Arthur tried to speak to Thelma the next morning. When he opened his mouth, Thelma cooed at him about how her diamond ring that dear Henry had given to her on their last Christmas together had gone down the kitchen drain, and would Arthur mind terribly getting it out for her?
So Arthur lay on his back under the pink sink, while Thelma sat at the glass-topped wrought iron kitchen table — also pink. She sipped grasshoppers, never offering anything to Arthur, and cooed.
“My goodness, Arthur. I never thought it would take this long to get a little old diamond ring out of a little old sink drain. I’m playing bridge at two. I mean, you fixed the washing machine in an hour, and you had to take it all apart. Remember how I bet you wouldn’t get it all back together again? But you did. You really are so marvellous with your hands.

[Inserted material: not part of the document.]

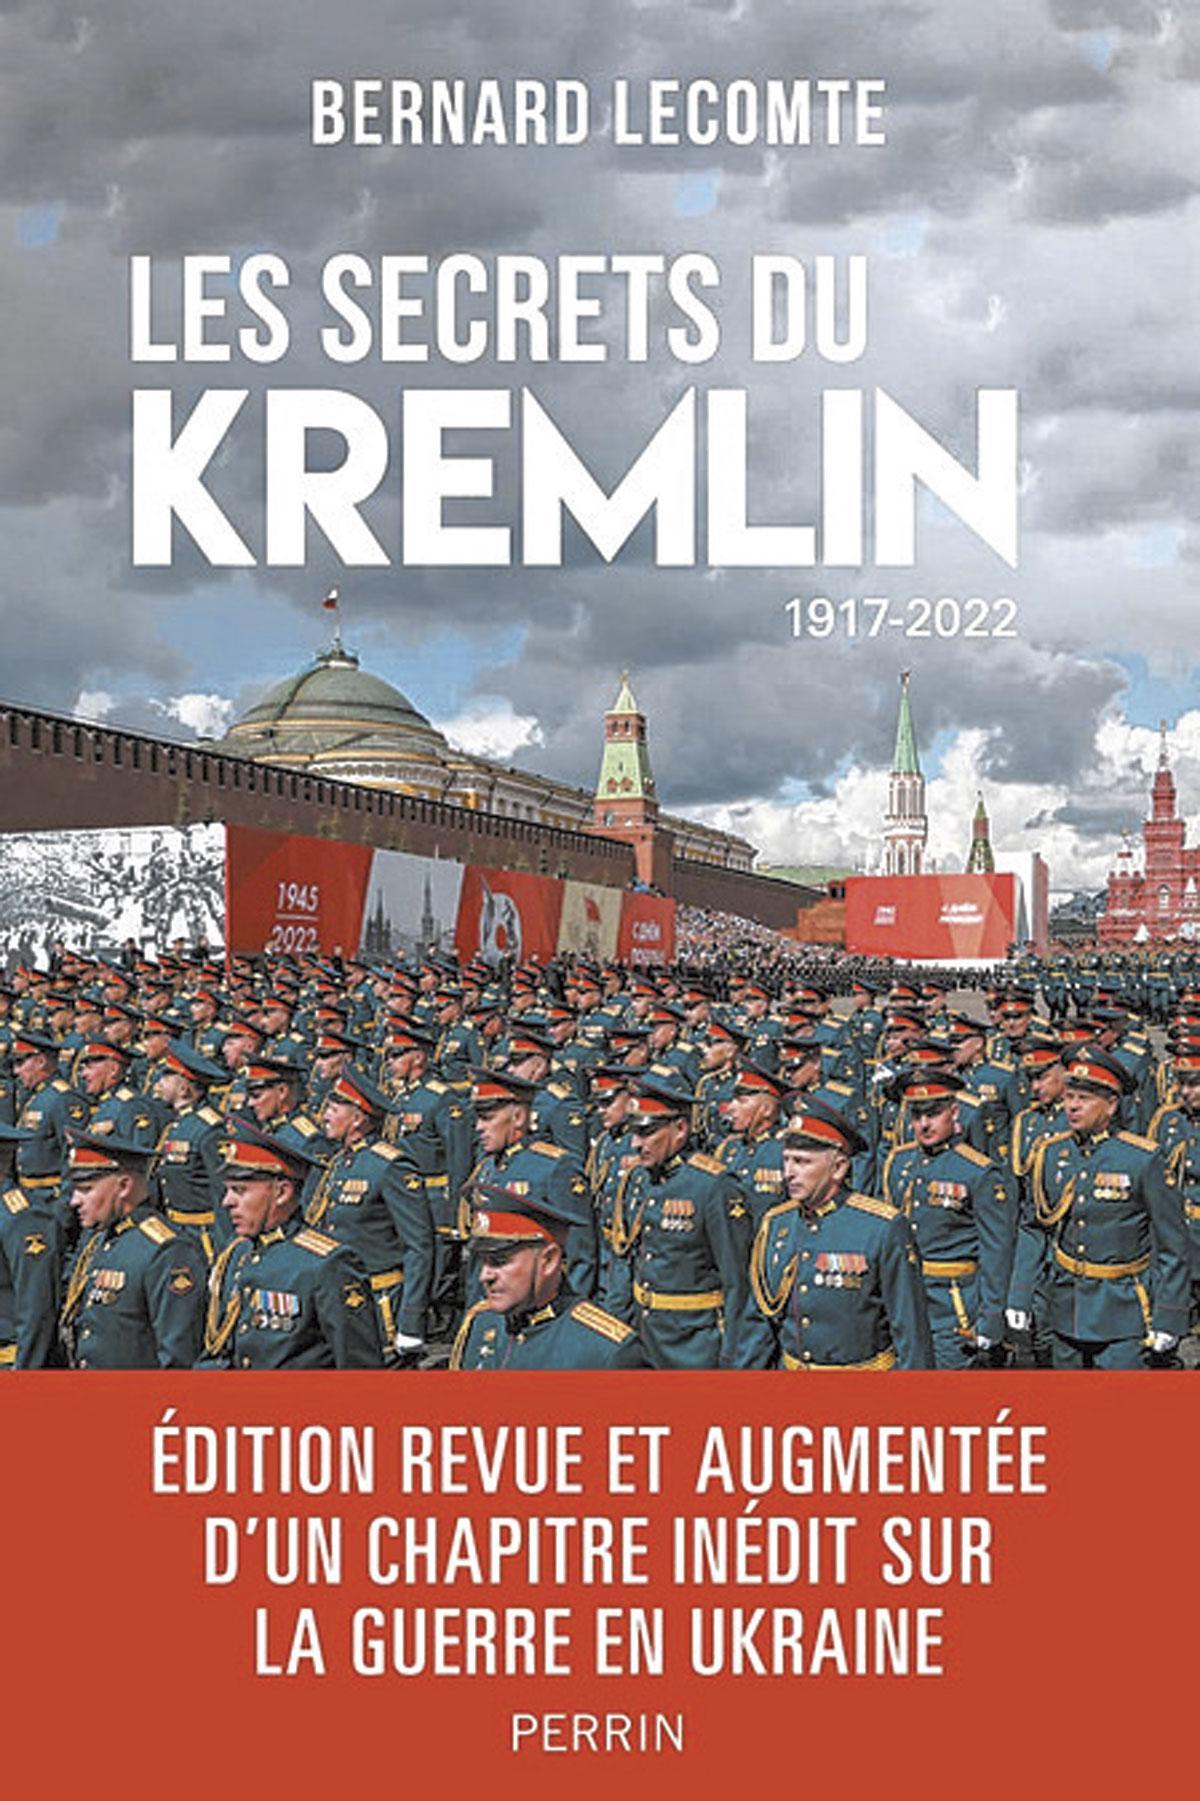 (1) Les Secrets du Kremlin 1917‑2022 (édition revue et enrichie), par Bernard Lecomte, Perrin, 407 p.

I don’t believe there’s anything you can’t do.
“Does Millie appreciate you? Really appreciate you, I mean. If she ever gets tired of you, you just come right over here. You understand? Henry Bejaman Norburton may have inherited twenty million dollars. But he couldn’t hold a candle to you when it comes to electricity and plumbing. I really am the luckiest woman to have a strong, intelligent, clever man like you around.
“Almost finished,” Arthur said, giving a last twist to the thin copper wire he was working with. He handed out the diamond ring that looked too small for Thelma’s pudgy fingers.
“You still have time to make your bridge game.” He slid out from under the sink and began gathering up the wire cutters, voltage tester, and other tools.
“I just don’t know how to thank you, Arthur. Would you like a glass of water?”
“No, thanks, Thelma. It’s almost two, and Millie will wonder what’s become of me.”
“Well, I do appreciate it. You really are the cleverest man. Is there anything you can’t do?”
“Not once I set my mind to it, Thelma” he said proudly.
Arthur felt real pride later that evening, when he saw the sudden eerie glow in the kitchen next door, and then total darkness. He’d never wired a garbage disposal before.
Continuous feed disposal units were dangerous, he had always said, what with water running and women pushing things through the metal sink ring with wet hands. If ever the fuse on the unit didn’t cut off right, if something happened to short the motor and send an electric current up to that metal ring...
Of course, it was probably a one-in-five-hundred-million chance — unless a handy man knew how to fix it just right.